WASHINGTON - Gritty rats and mice living in sewers and farms seem to have healthier immune systems than their squeaky clean cousins that frolic in cushy antiseptic labs, two studies indicate. The lesson for humans: Clean living may make us sick.Think about it: All those times you told your toddler to stop eating dirt -- you never dreamed you were doing the kid long-term damage.
The studies give more weight to a 17-year-old theory that the sanitized Western world may be partly to blame for soaring rates of human allergy and asthma cases and some autoimmune diseases, such as Type I diabetes and rheumatoid arthritis. The theory, called the hygiene hypothesis, figures that people's immune systems aren't being challenged by disease and dirt early in life, so the body's natural defenses overreact to small irritants such as pollen.
The new studies, one of which was published Friday in the peer reviewed Scandinavian Journal of Immunology, found significant differences in the immune systems between euthanized wild and lab rodents.

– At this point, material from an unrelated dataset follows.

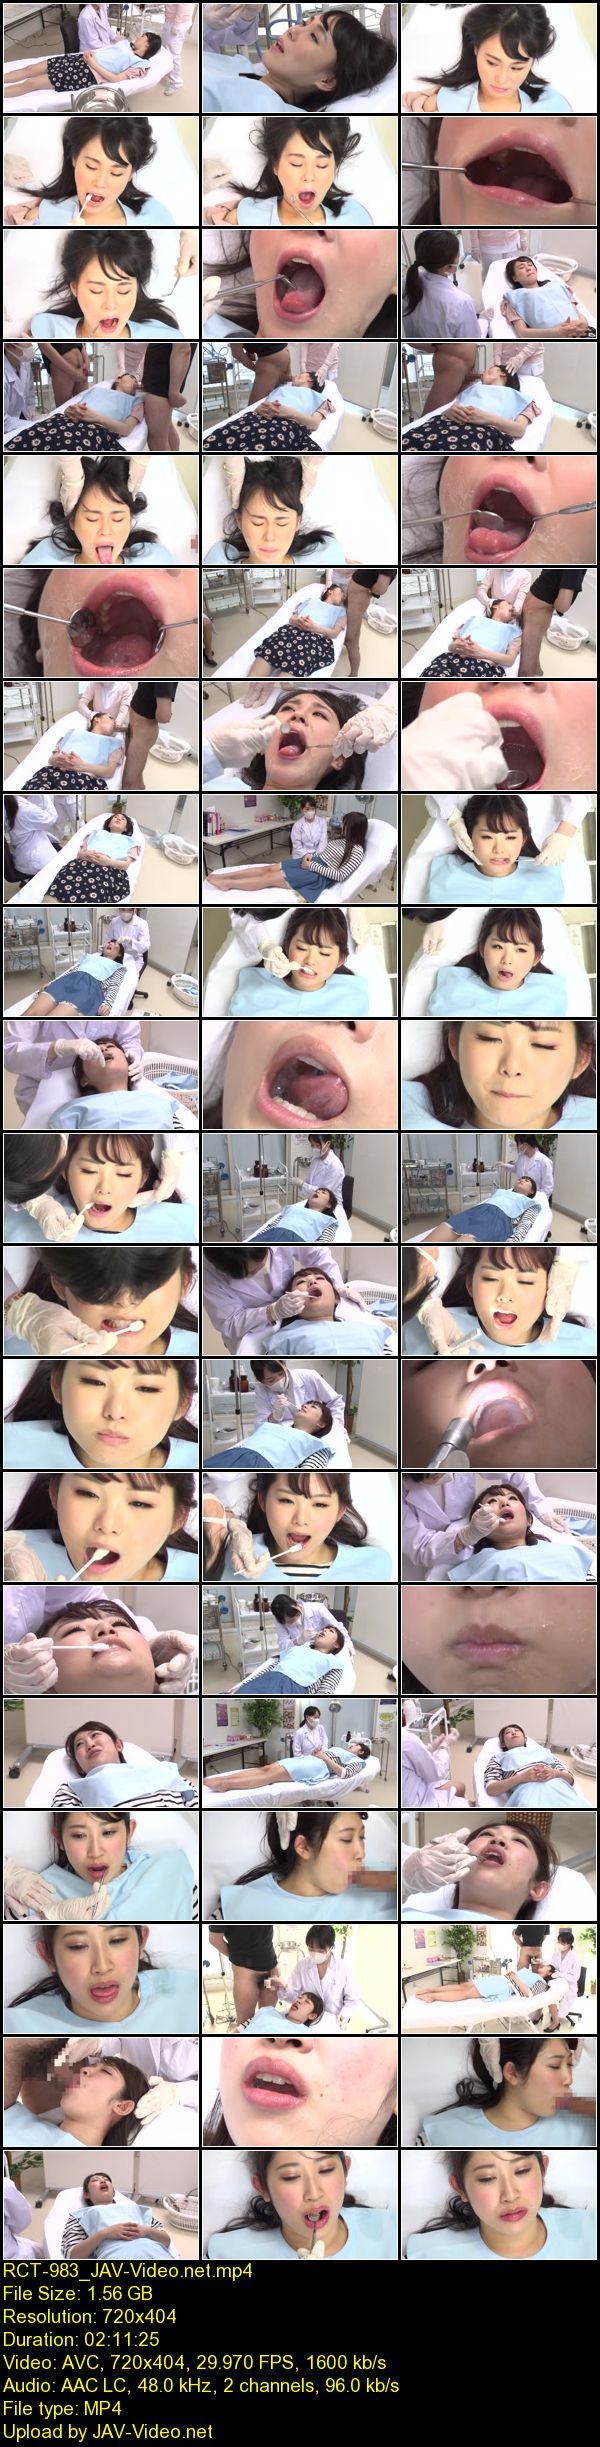 JAV Download Yuzu Kitagawa [RCT 983] ワイセツ歯科女医とグルになって患者の口内にバレないようにザーメン発射... 120分 コスチューム 2017 05 18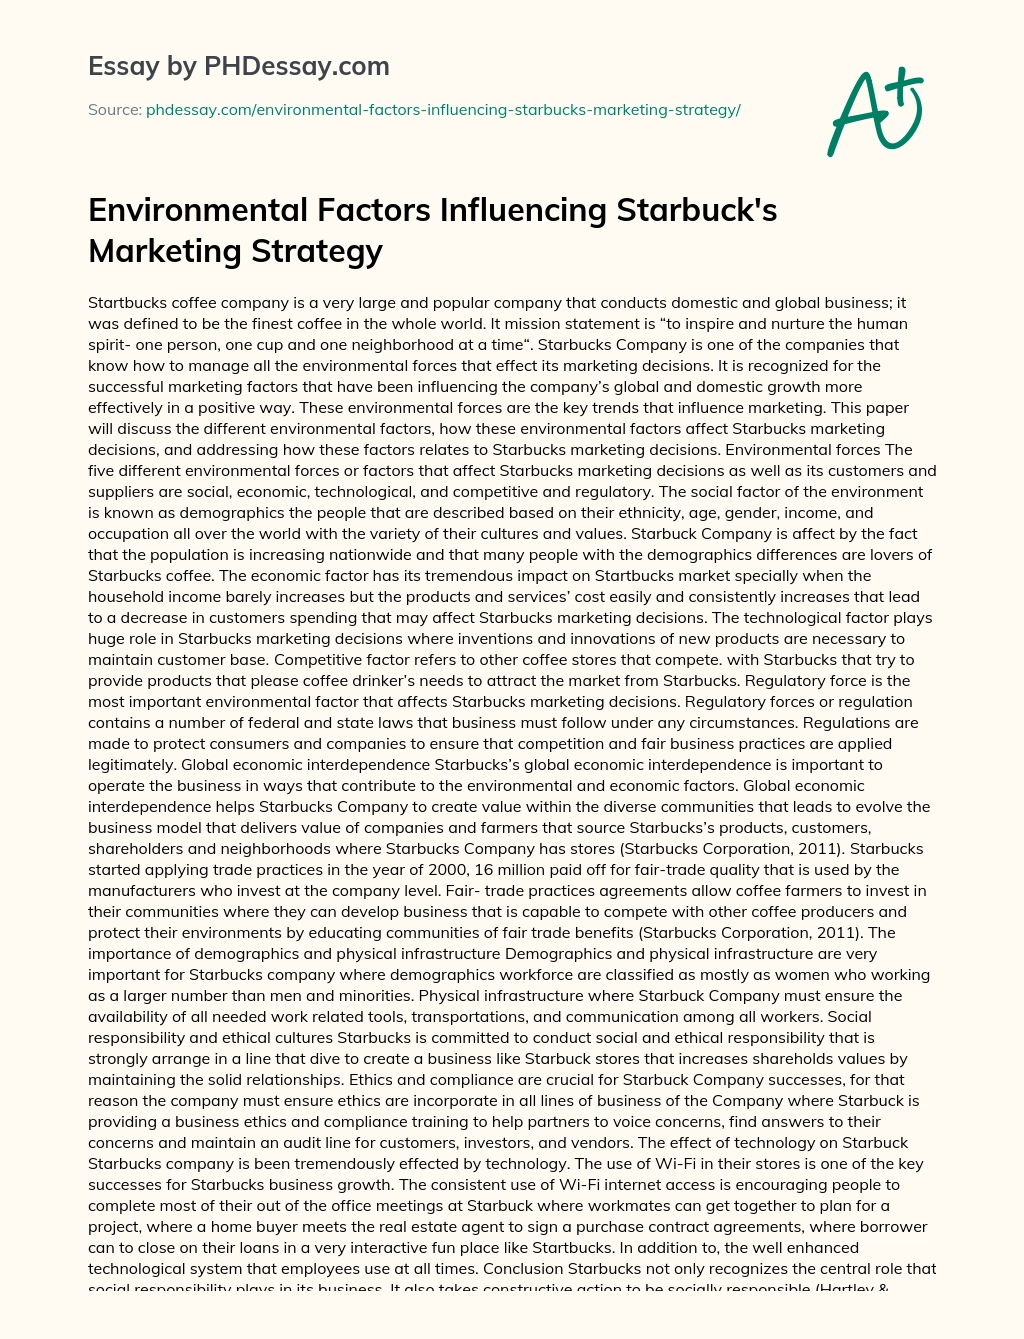 Environmental Factors Influencing Starbuck’s Marketing Strategy essay

When the immune cells in the wild rats are stimulated by researchers, "they just don't do anything they sit there; if you give them same stimulus to the lab rats, they go crazy," said study co-author Dr. William Parker, a Duke University professor of experimental surgery. He compared lab rodents to more than 50 wild rats and mice captured and killed in cities and farms.
Also, the wild mice and rats had as much as four times higher levels of immunoglobulins, yet weren't sick, showing an immune system tuned to fight crucial germs, but not minor irritants, Parker said. He said what happened in the lab rats is what likely occurs in humans: their immune systems have got it so cushy they overreact to smallest of problems.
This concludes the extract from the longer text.